- Genre: Morning show Infotainment Talk show
- Directed by: Wayne O'Donnell
- Presented by: David Campbell; Belinda Russell;
- Country of origin: Australia
- Original language: English
- No. of seasons: 10

Production
- Executive producers: Louisa Hatfield (2012–2013); Natasha Daran (2014–2016); Mark Calvert (2017–2018); Bree Dwyer (2018–2019); Ashleigh Sculley (2023–present);
- Production locations: Sydney, New South Wales
- Running time: 150 minutes (weekdays); 120 minutes (Saturdays);

Original release
- Network: Nine Network
- Release: 6 February 2012 – present

Related
- Kerri-Anne (2002–2011); Today Weekend Today;

= Today Extra =

Australian morning television talk show

Today Extra is an Australian morning talk show, with an infotainment base, hosted by David Campbell and Belinda Russell.

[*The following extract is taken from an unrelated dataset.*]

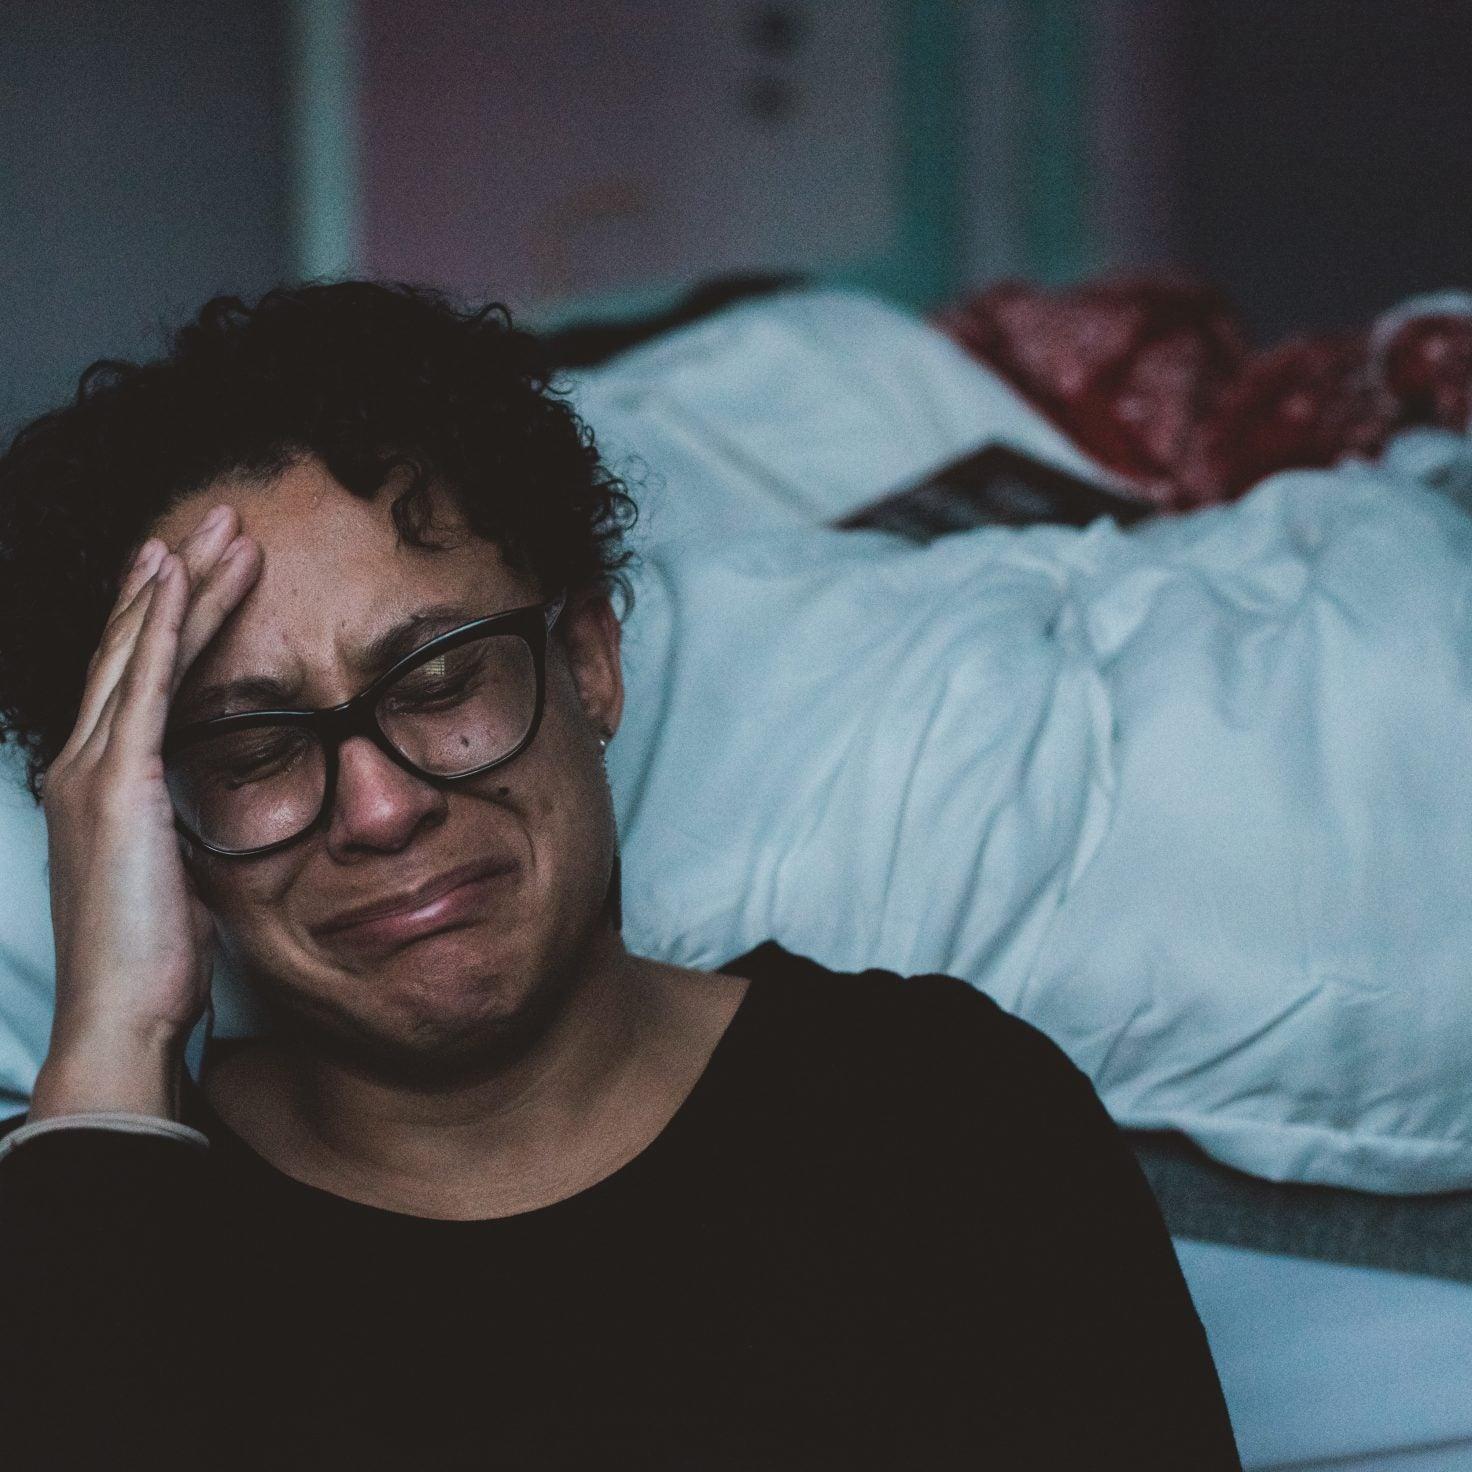 For Black Women Suffering Domestic Abuse, Coronavirus Quarantines Are Life Threatening

The show airs between 9:00 am and 11:30 am weekdays and follows the Nine Network's breakfast news program Today. The show is broadcast from the Nine Network studios in North Sydney, a suburb located on the North Shore of Sydney, New South Wales.

== History ==
The show premiered on the Nine Network on 6 February 2012 as Mornings, offering a mix of interviews, live music performances, and segments on cooking, lifestyle, fashion, beauty, and entertainment. The show replaced the long-running Kerri-Anne.

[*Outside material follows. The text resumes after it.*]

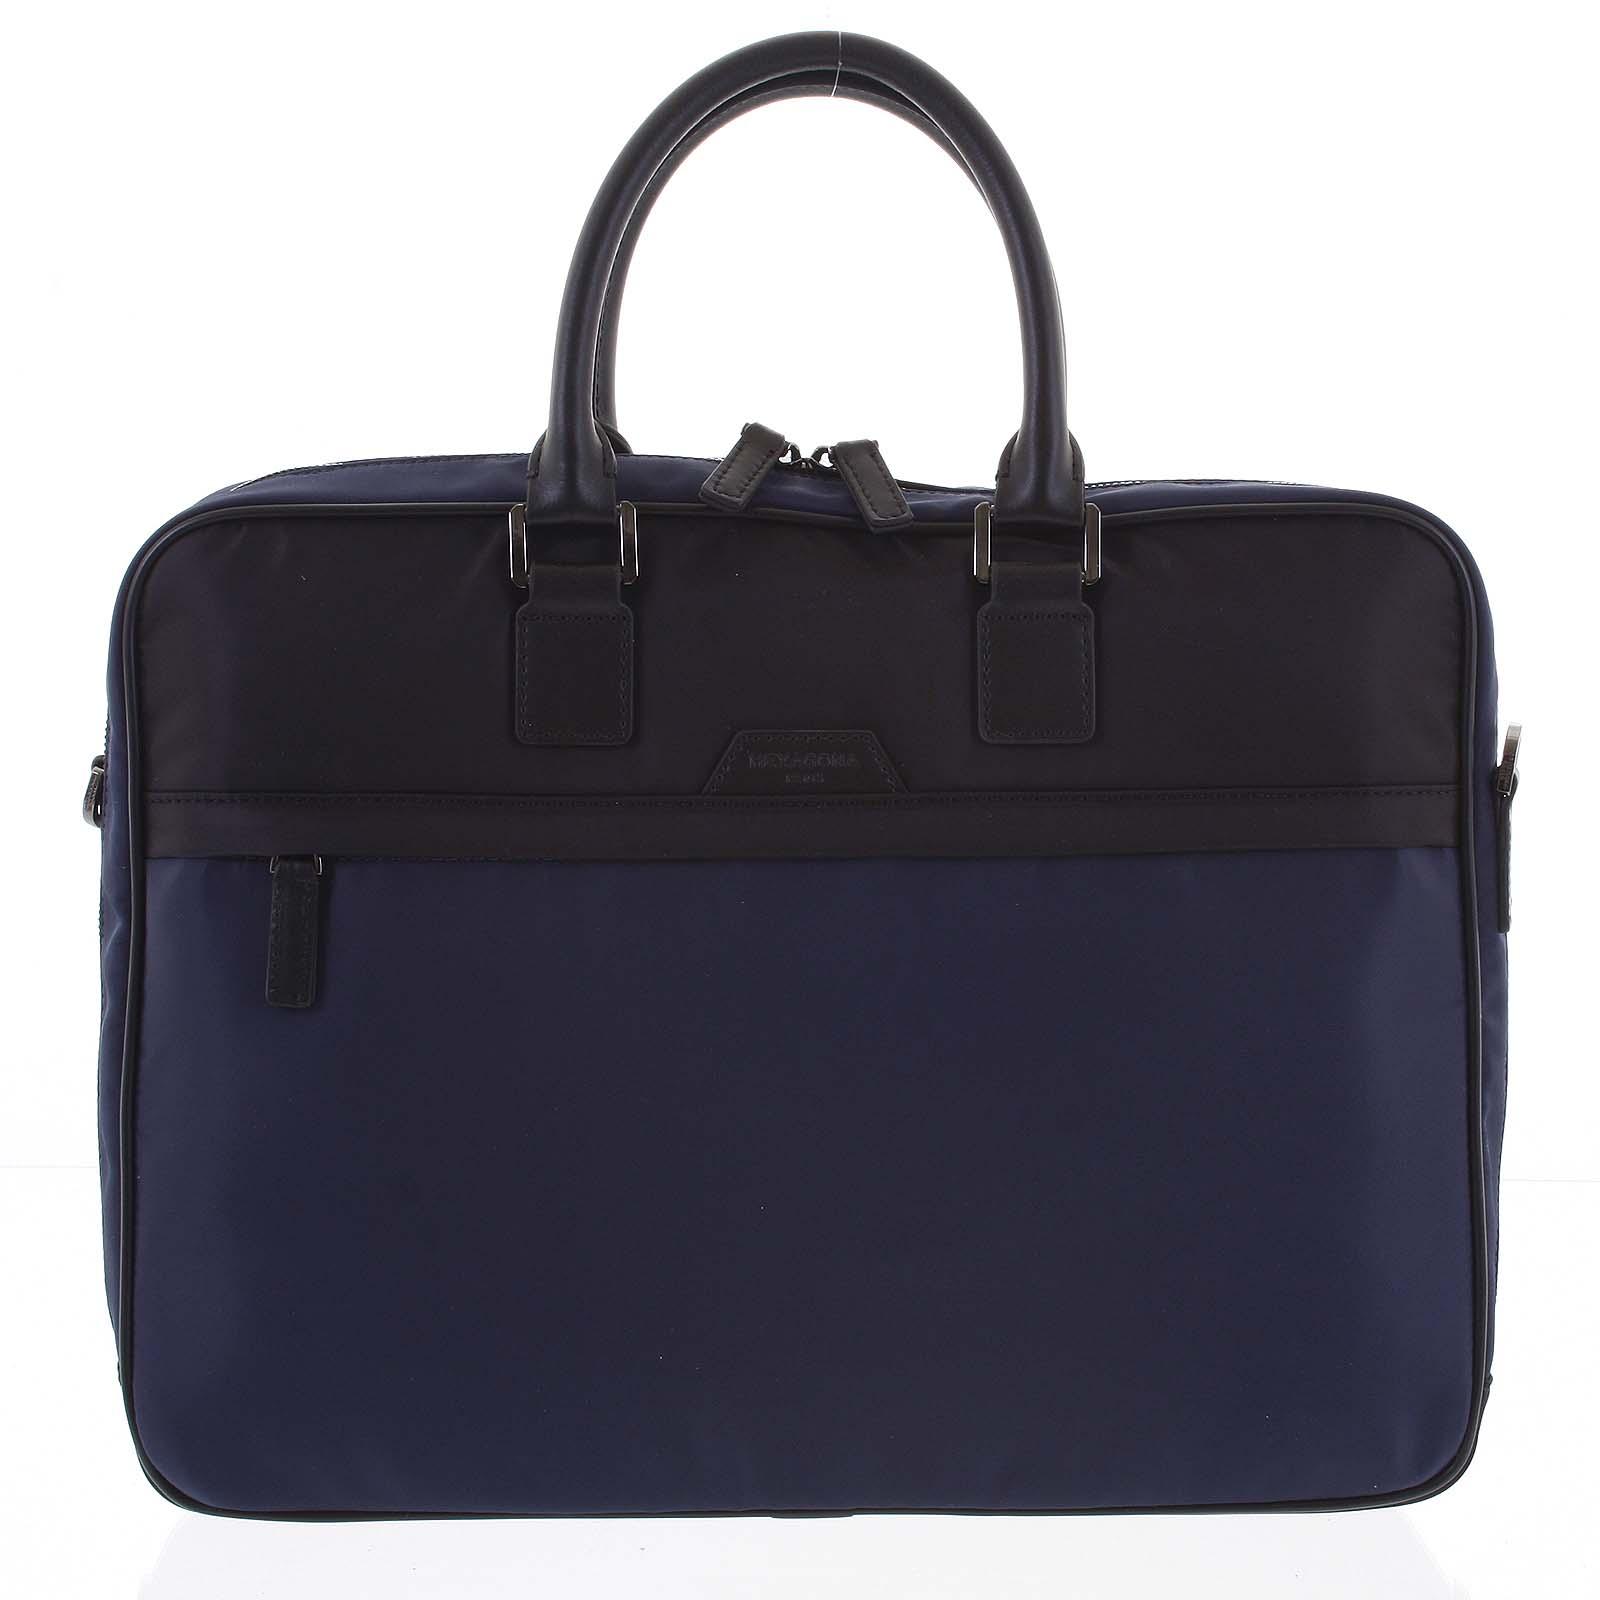 Pánská taška na notebook modro černá - Hexagona Aslan modrá

In January 2015, Mornings underwent a rebrand with a fresh set and logo. During Sonia Kruger’s maternity leave, Wendy Kingston hosted on Mondays while Georgie Gardner took over from Tuesday to Friday until Kruger’s return on 27 April 2015. Shortly after, on 5 May 2015, Mornings was extended to 11:30 am, leading to Nine's Morning News being rescheduled to the same time slot.

In January 2016, Nine announced that Mornings would be rebranded as Today Extra, aligning it with the network’s breakfast show, Today, while maintaining its focus on light entertainment and news updates. The program moved to the Today studio as part of this transition.

In January 2019, David Campbell was announced as the new host of Weekend Today, continuing to host Today Extra on Mondays through Wednesdays. Richard Wilkins joined as co-host on Thursdays and Fridays. Campbell remained in this role until December 2019, when it was announced he would host Today Extra full-time in 2020, with Wilkins taking over his role on Weekend Today.

In November 2019, Kruger announced her departure from Nine, with her final show airing on 15 November. Sylvia Jeffreys was confirmed as Kruger's permanent successor upon her return from maternity leave in 2020. Campbell resumed hosting duties on weekdays, while Wilkins transitioned to Weekend Today.

A notable incident occurred on 9 March 2020, when actress Rita Wilson appeared on the show in a segment hosted by Campbell and Belinda Russell, who was filling in for Jeffreys. Three days later, Wilson was diagnosed with COVID-19, prompting Nine to order all personnel who had interacted with her including Campbell and Russell into isolation. Following testing, none were found to have contracted the virus.

In September 2026, it was announced that Jeffreys would leave Today Extra in order to become the co-host of Today alongside Tom Steinfort. Belinda Russell was announced as her replacement.

==Hosts==

| Presenter | Role | Tenure |
|---|---|---|
| David Campbell | Co-host | 2012–present |
| Belinda Russell | Co-host | 2026–present |
| Deborah Knight | News (Monday to Thursday) | 2025–present |
| Kate Creedon | News (Friday) | 2025–present |

===Former hosts===

| Presenter | Role | Tenure |
|---|---|---|
| Sonia Kruger | Co-host | 2012–2019 |
| Richard Wilkins | Co-host (Thursday & Friday) | 2019 |
| Sylvia Jeffreys | Co-host | 2019–2026 |

===Fill-in presenters===
Current presenters who have been fill-in hosts or co-hosts of Today Extra in recent times include Amber Sherlock, Lizzie Pearl, Renee Bargh, Brooke Boney, Richard Wilkins, Jayne Azzopardi, Lara Vella, Charles Croucher, Tim Davies and Tom Tilley.

==Regular segments==

| Presenter | Role |
|---|---|
| Yvette Duncan Paul Hancock | Advertorials |
| Britt Warburton | Entertainment |
| Trevor Long | Technology |
| Jane de Graaff | Lifestyle |
| Quentin Long | Travel |
| Trent Nikolic | Auto |
| Alice Stolz | Property |

==Ratings==
The first episode of Mornings attracted 104,000, trailing The Morning Show, which attracted 166,000 viewers. However, in October 2012, Mornings beat The Morning Show for the first time since its launch.

On 19 March 2016, six weeks after the relaunch to Today Extra, the program won the week against The Morning Show. This included a victory in Perth, which for many years has been Nine's weakest market ratings-wise. It was the first time The Morning Show lost a week in its nine-year history.